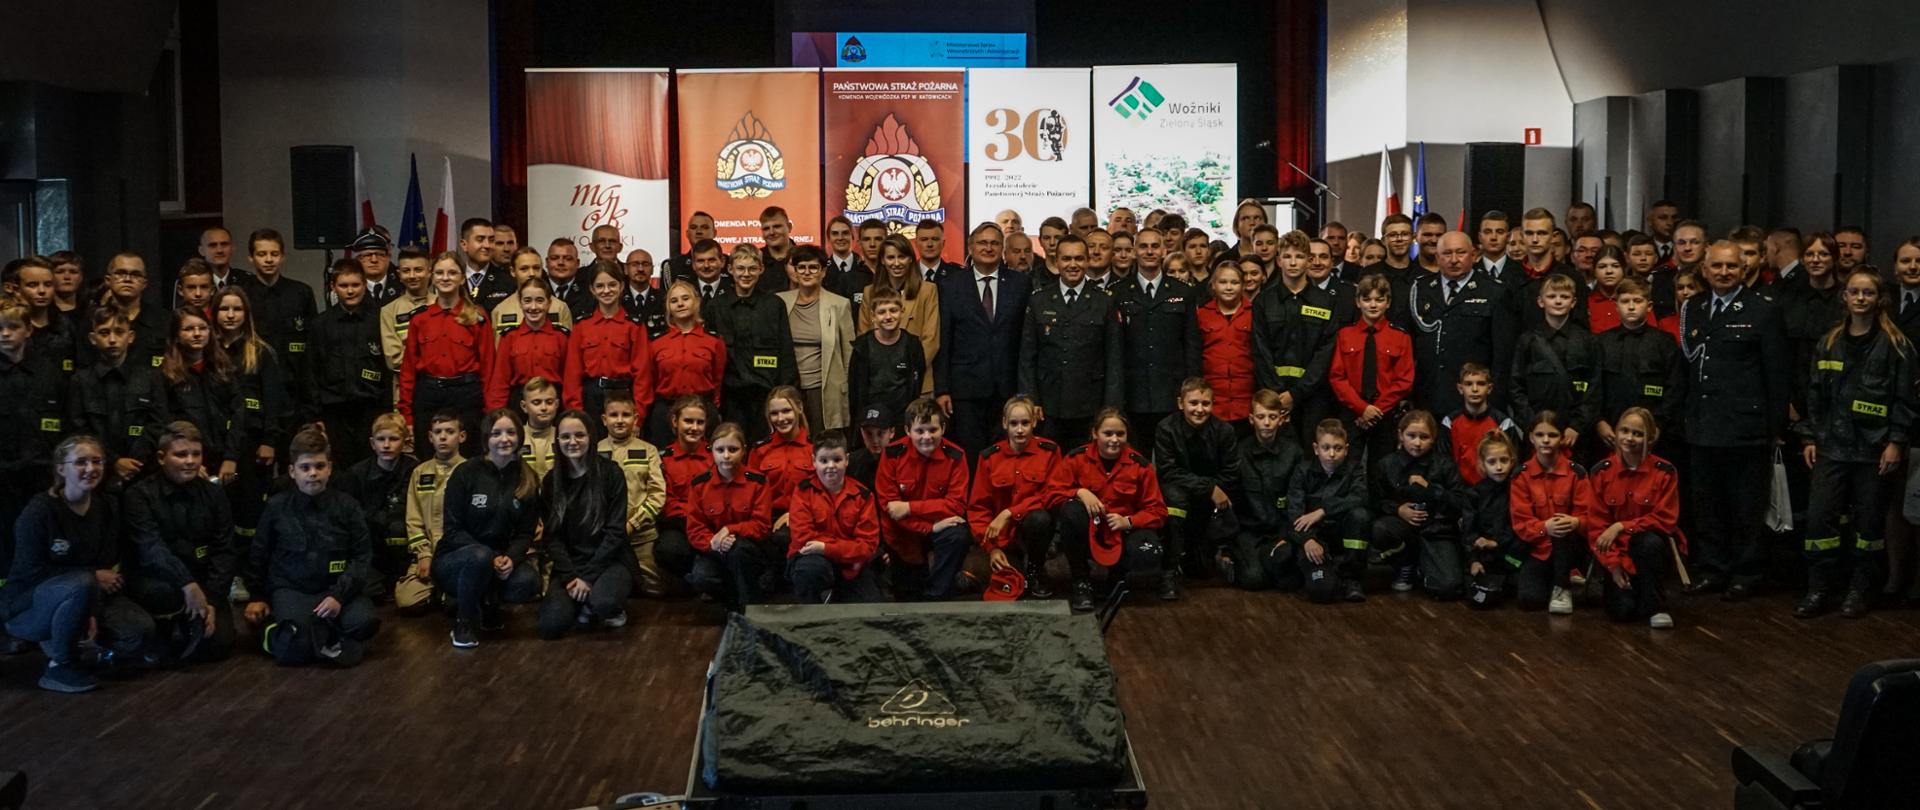 Uroczystość wręczenia promes dla Ochotniczych Straży Pożarnych na zakup sprzętu dla członków Młodzieżowych Drużyn Pożarniczych z terenu powiatu lublinieckiego
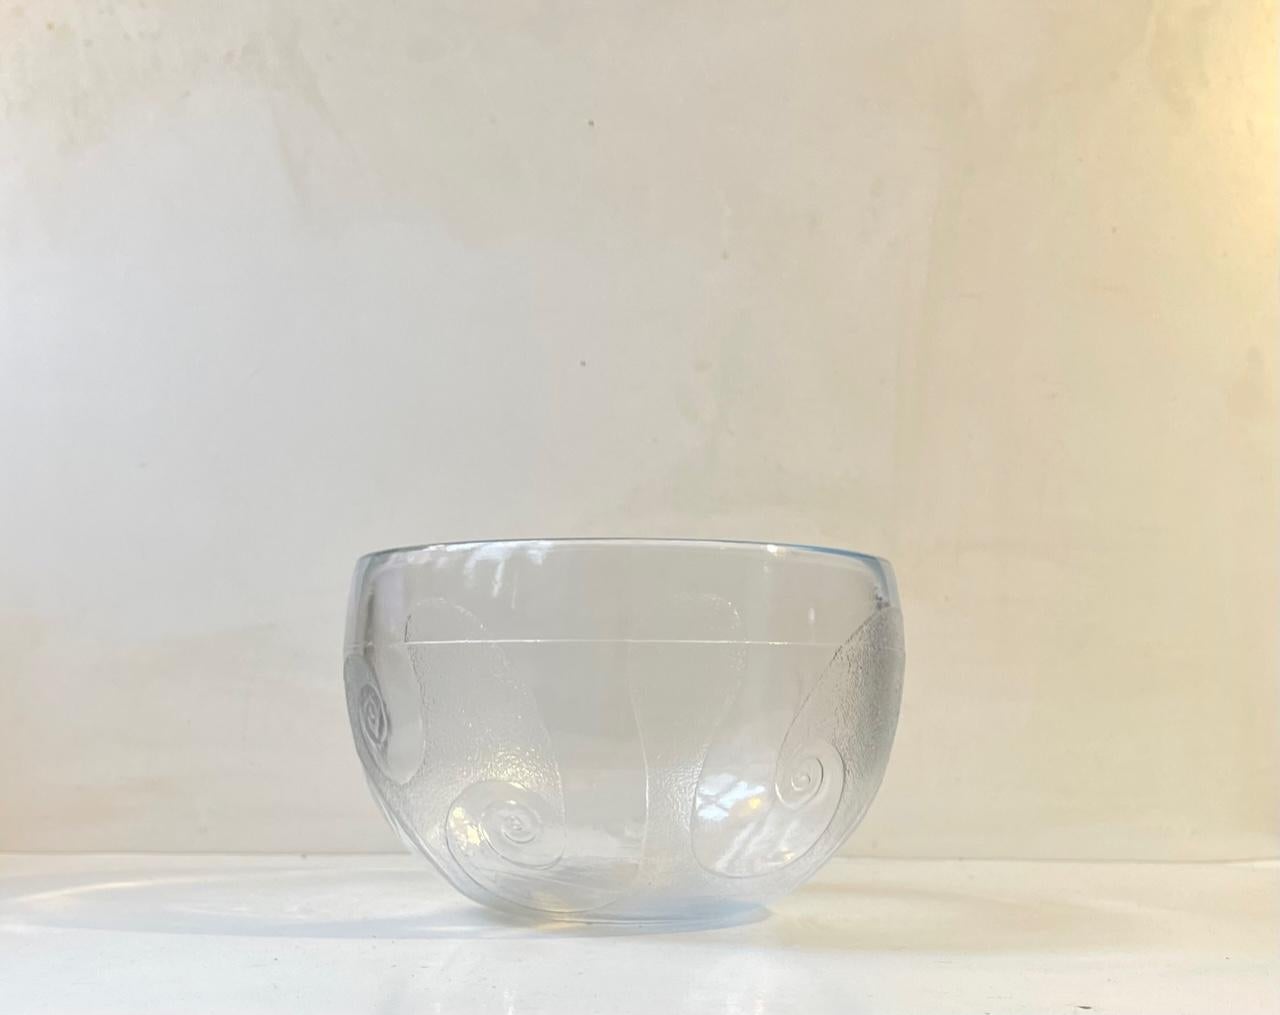 Ein seltener Tafelaufsatz oder eine Salatschüssel aus gegossenem, zentrifugiertem Klarglas. Dekor: Tentakel oder Wellen. Sie heißt Glastronomi (Zusammenstellung von Glas und Astronomie) und wurde 1976 von Michael Bang entworfen und bis 1977 bei
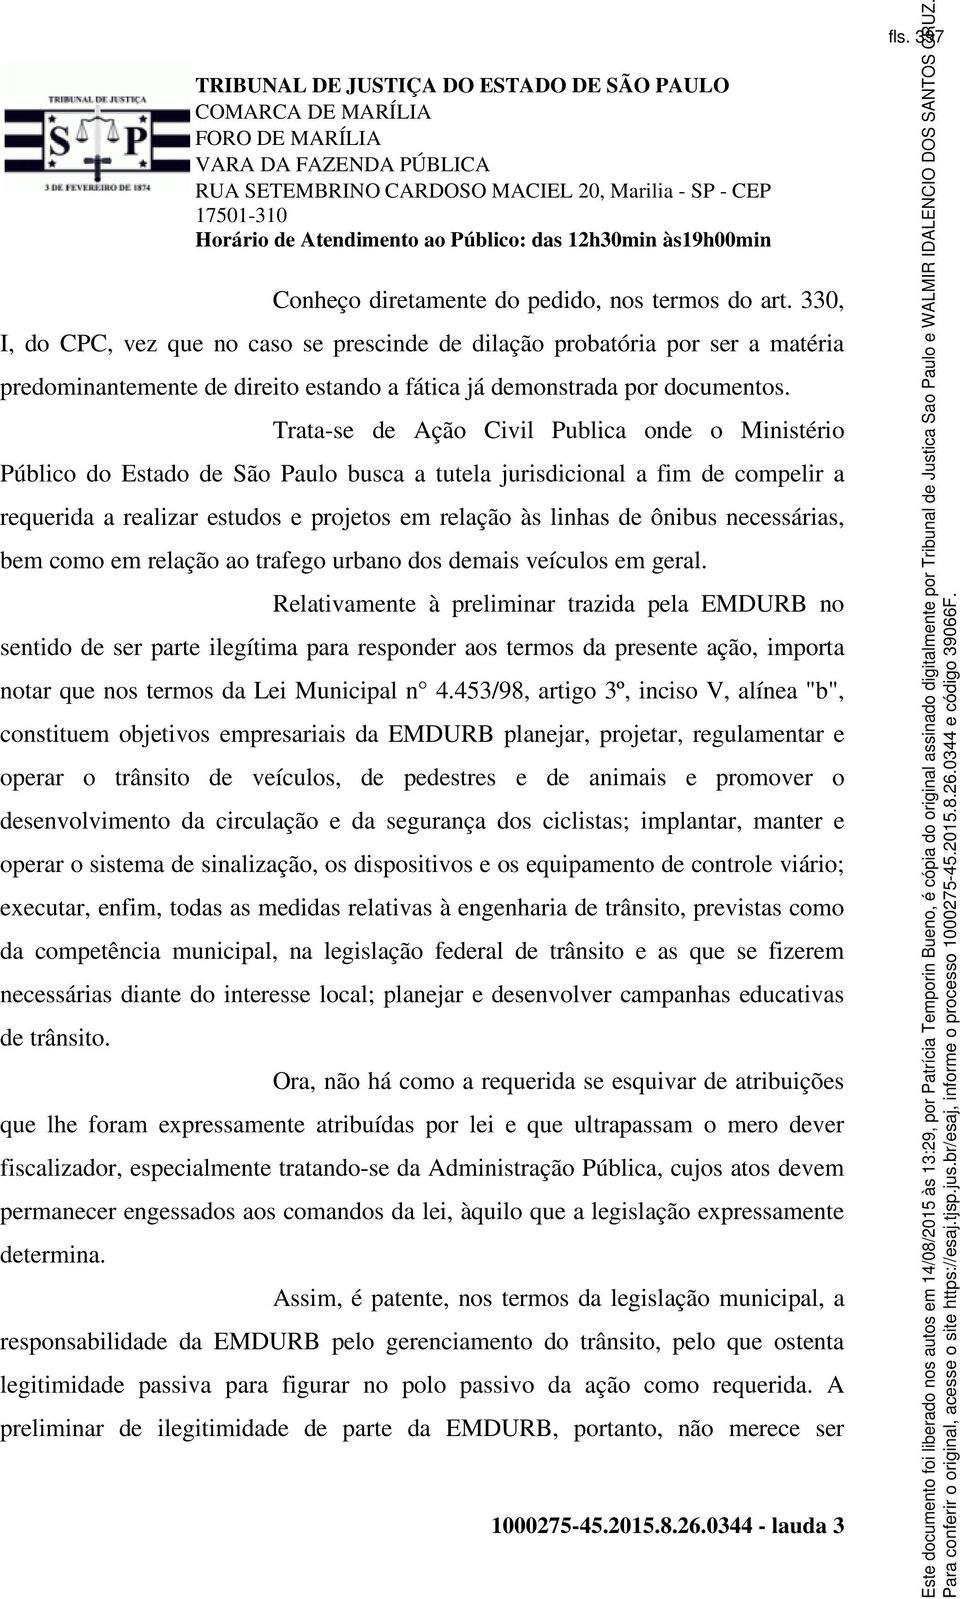 Trata-se de Ação Civil Publica onde o Ministério Público do Estado de São Paulo busca a tutela jurisdicional a fim de compelir a requerida a realizar estudos e projetos em relação às linhas de ônibus

___

- **TASK TO CARRY OUT**: Exact transcription of the full listing above is required; images do not belong in it.

- **ANSWER TO THIS EXERCISE**:
 Uroczystość wręczenia promes dla Ochotniczych Straży Pożarnych na zakup sprzętu dla członków Młodzieżowych Drużyn Pożarniczych z terenu powiatu lublinieckiego
 Ein seltener Tafelaufsatz oder eine Salatschüssel aus gegossenem, zentrifugiertem Klarglas. Dekor: Tentakel oder Wellen. Sie heißt Glastronomi (Zusammenstellung von Glas und Astronomie) und wurde 1976 von Michael Bang entworfen und bis 1977 bei
 Trata-se de Ação Civil Publica onde o Ministério Público do Estado de São Paulo busca a tutela jurisdicional a fim de compelir a requerida a realizar estudos e projetos em relação às linhas de ônibus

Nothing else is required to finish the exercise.